3.9m women, girls need reproductive health services in North East —UNFPA
More than 2.3 million girls and 1.6 million women need reproductive health services in the North East, according to the UN Population Fund.
Dr Eugene Kongnyuy, the fund’s Country Representative told News Agency of Nigeria on Sunday in Abuja that no fewer than 7.1 million women were affected by the insurgency in the region.
There were unestimated millions of women affected by war and disasters that were cut off from reproductive health services globally, Kongnyuy said.
He, urged for more commitment to the Programme of Action of the International Conference on Population and Development held in Cairo in 1994.
In 1994, during the ICPD, 179 countries including Nigeria agreed that population and development were inextricably linked, the Represented stated.

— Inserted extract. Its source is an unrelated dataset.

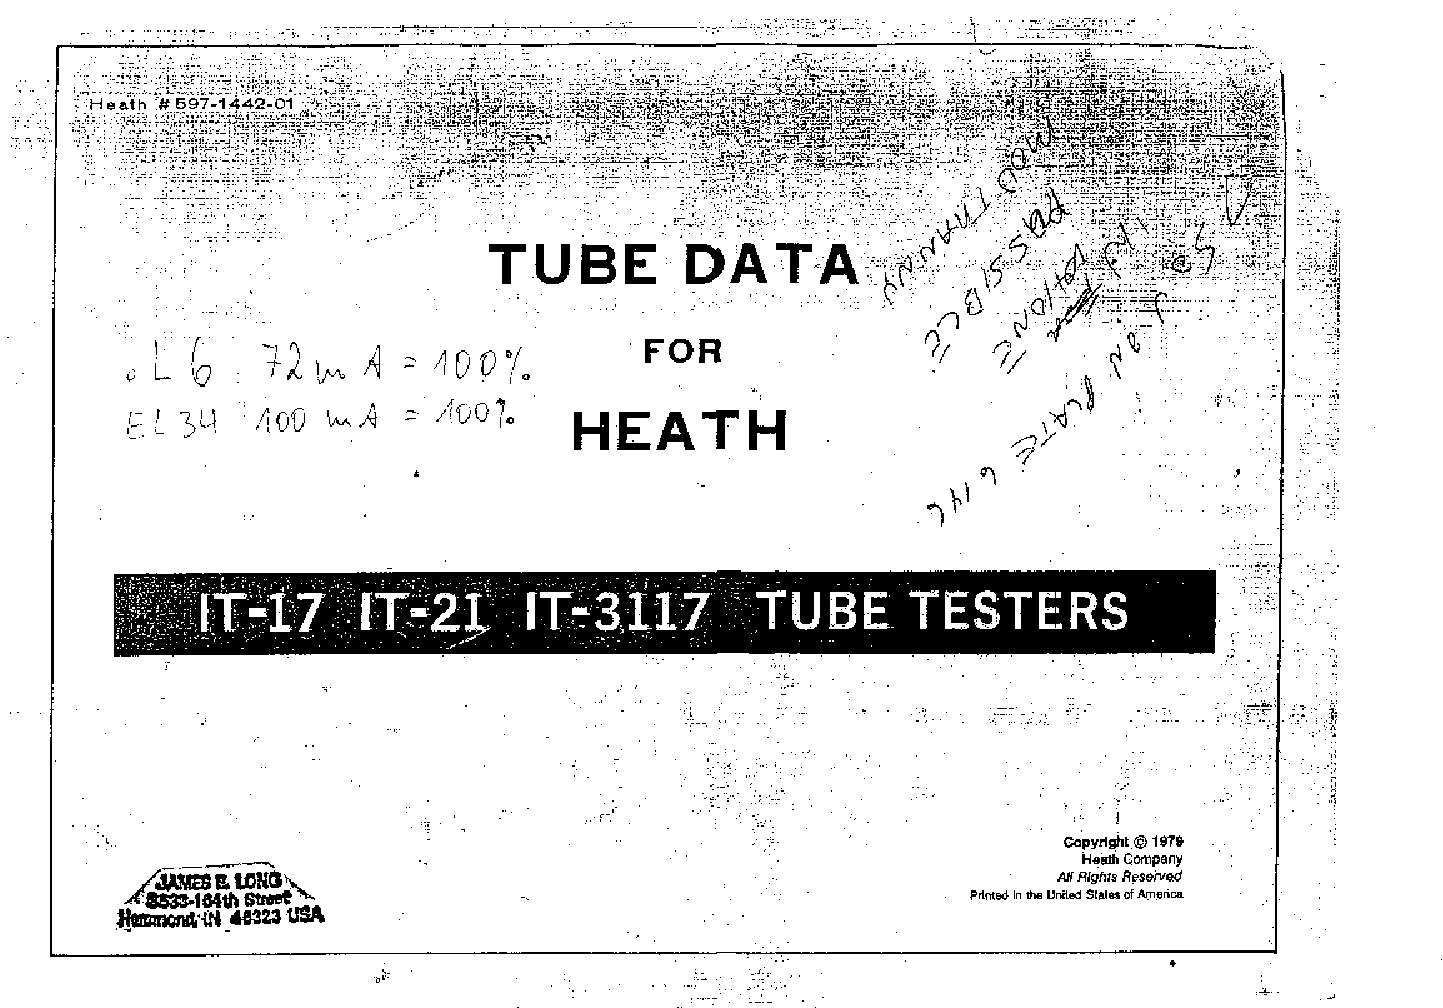 Heathkit it-3117 tube tester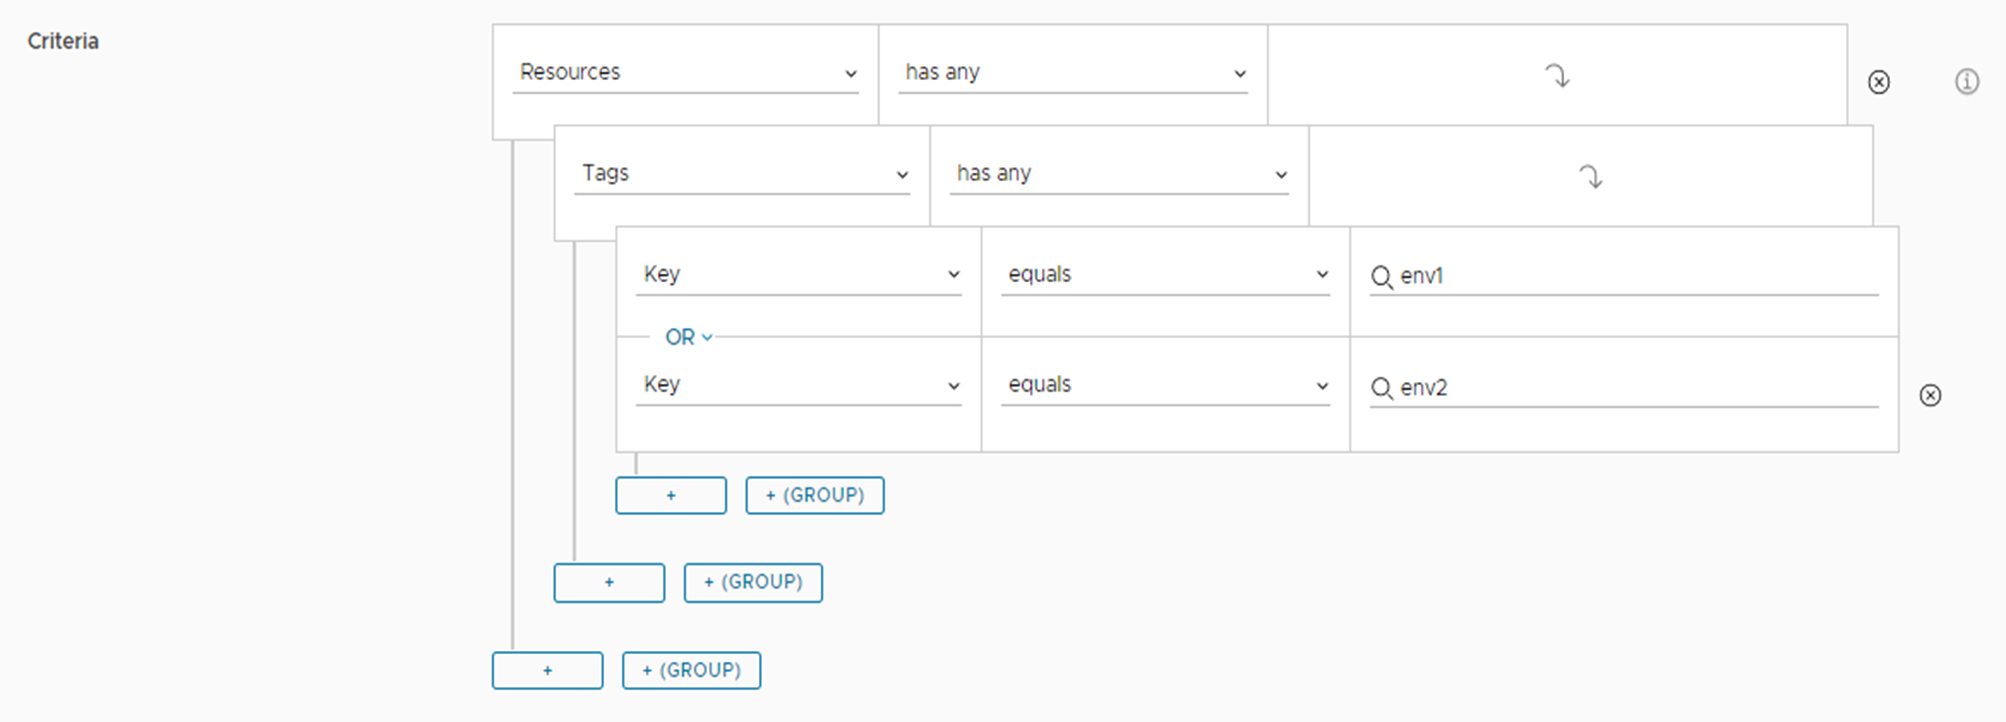 Пример выражения для критериев развертывания с несколькими ключами, отображаемого в пользовательском интерфейсе.

Kongnyuy, added that the conference adopted a 20-year Programme of Action, which focused on individuals’ needs and rights, rather than on achieving demographic targets.
“We are celebrating the 50th anniversary of UNFPA and at the same time we are celebrating 25 years of ICPD 1994, He said.
The Plan of Action of ICPD 1994 was handed over to UNFPA to coordinate the implementation globally.
The Country Representative expressed concern that the Cairo Agenda (UNFPA dream) was yet to be realised for all people in all places, including Nigeria.
He stated that, there are more than 214 million women globally who want to prevent pregnancy but are not using modern methods of contraceptive, with 20 per cent unmet need for family planning in Nigeria.
Worldwide, 800 women die from preventable causes during pregnancy and childbirth every day. In Nigeria, 111 women die daily during childbirth.
Total fertility rate is still very high in many developing countries.
World population has grown from 3.6 billion in 1969 to 7.7 billion today, Nigeria’s population has increased from 140.4 million in 2006 to 198 million in 2018, according to him.
With this alarming figure, The country representative, called for full implementation of the ICPD Programme of Action in Nigeria because of its link to Sustainable Development Goals.
According to him, UNFPA remained committed to ensuring that the needs of the affected population were met in humanitarian crisis, emphasising that “every birth should be safe, and every pregnancy wanted.”
He said UNFPA was working assiduously to ensure that every young person’s potential was fulfilled and every girl and woman was treated with dignity and respect.